1-3" accumulation by late Tuesday afternoon and North of I-20 may see 2-4".
Anyone North of Lufkin; plan accordingly.
Roads will be icy Wed morning even in my area with a projected low of 19F , but warming in the afternoon.
Places farther North in Tx and western La, will see much colder temps and more precip monday night thru tuesday evening.


----------



## Mini Horses (Jan 14, 2018)

With crazy weather everywhere -- the fires and now mudslides in CA -- flooding everywhere, it seems -- we are self destructing.


----------



## greybeard (Jan 14, 2018)

Not really 'crazy' weather for here. It's just been awhile since it's been like this and is somewhat unusual for January.


----------



## babsbag (Jan 14, 2018)

Looks like we are in line for another drought unless it rains double normal for the next few months.
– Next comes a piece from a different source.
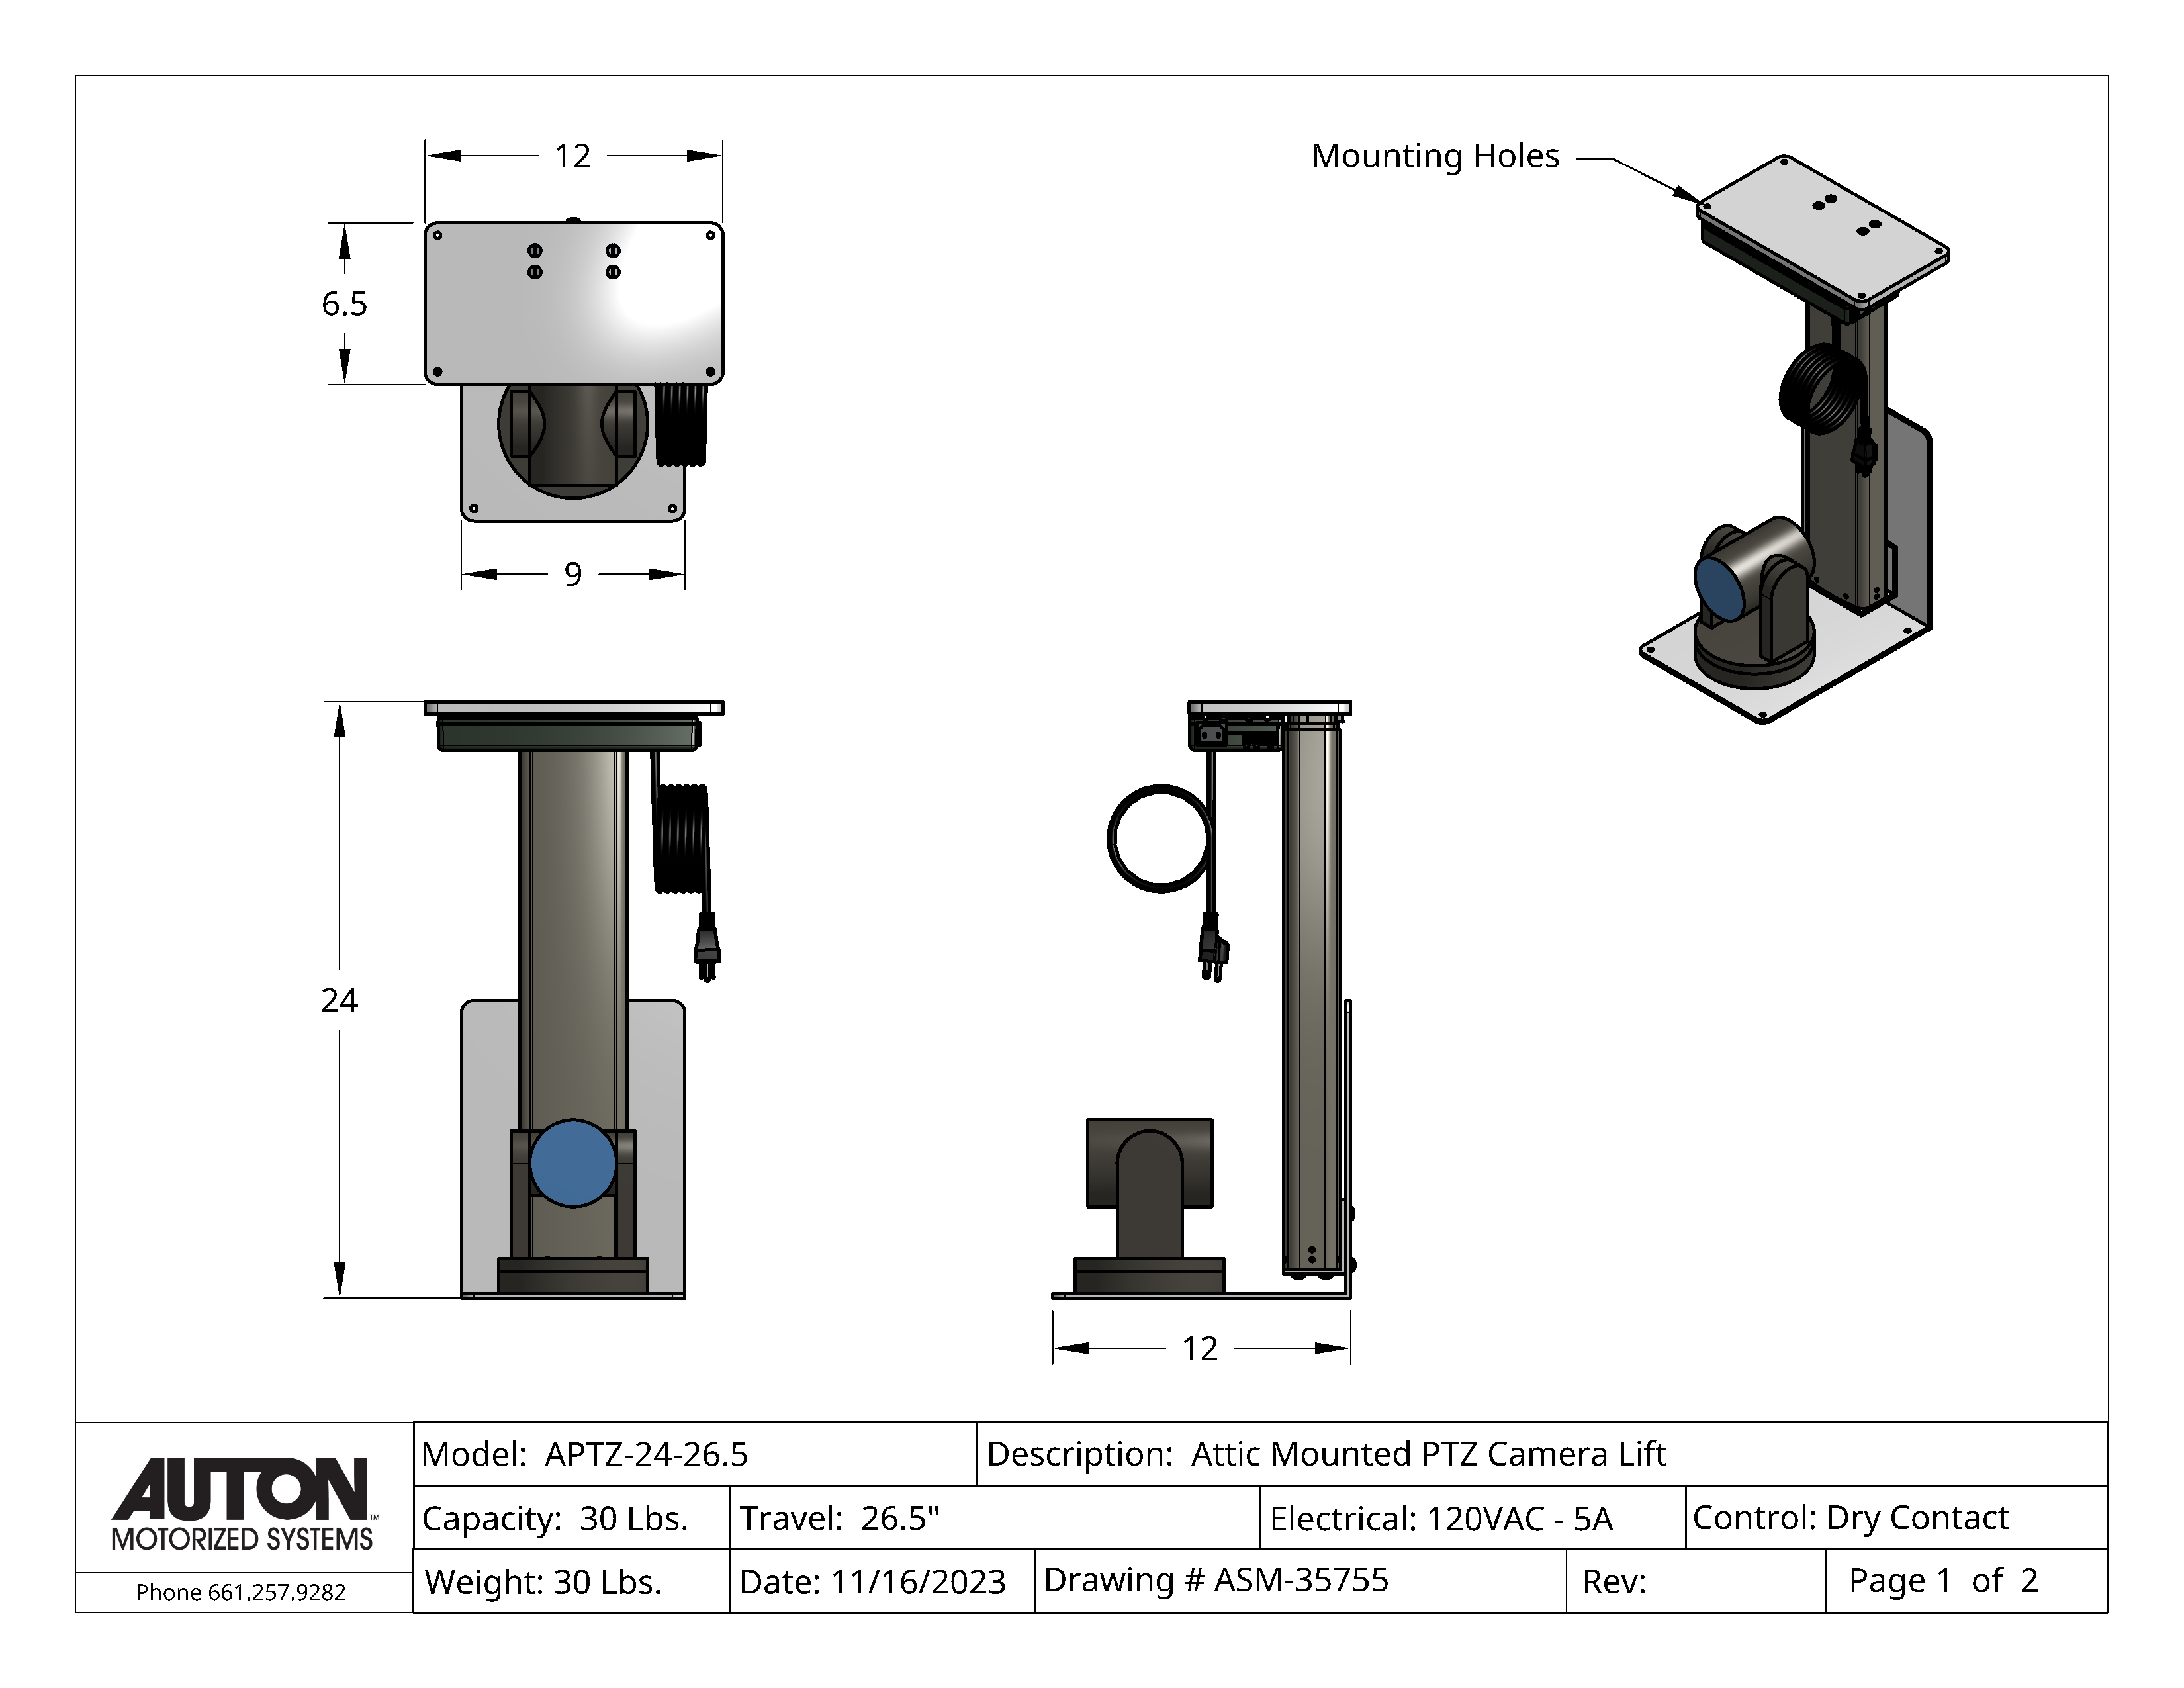 PTZ Camera Lift - Ceiling Mounted - Travel: 26.5 Inches - Model APTZ-24-26.5

We will see.


----------



## Baymule (Jan 14, 2018)

Snow. Ice. Yup, school will be out and idiots will be out there running into each other. We're staying home. Maybe we'll build a snowman.


----------



## Latestarter (Jan 14, 2018)

Gonna cut and split some more firewood tomorrow before it all moves in. Not planning on going anywhere. Already put down extra bedding hay for the goats. Gotta remember to take pics


----------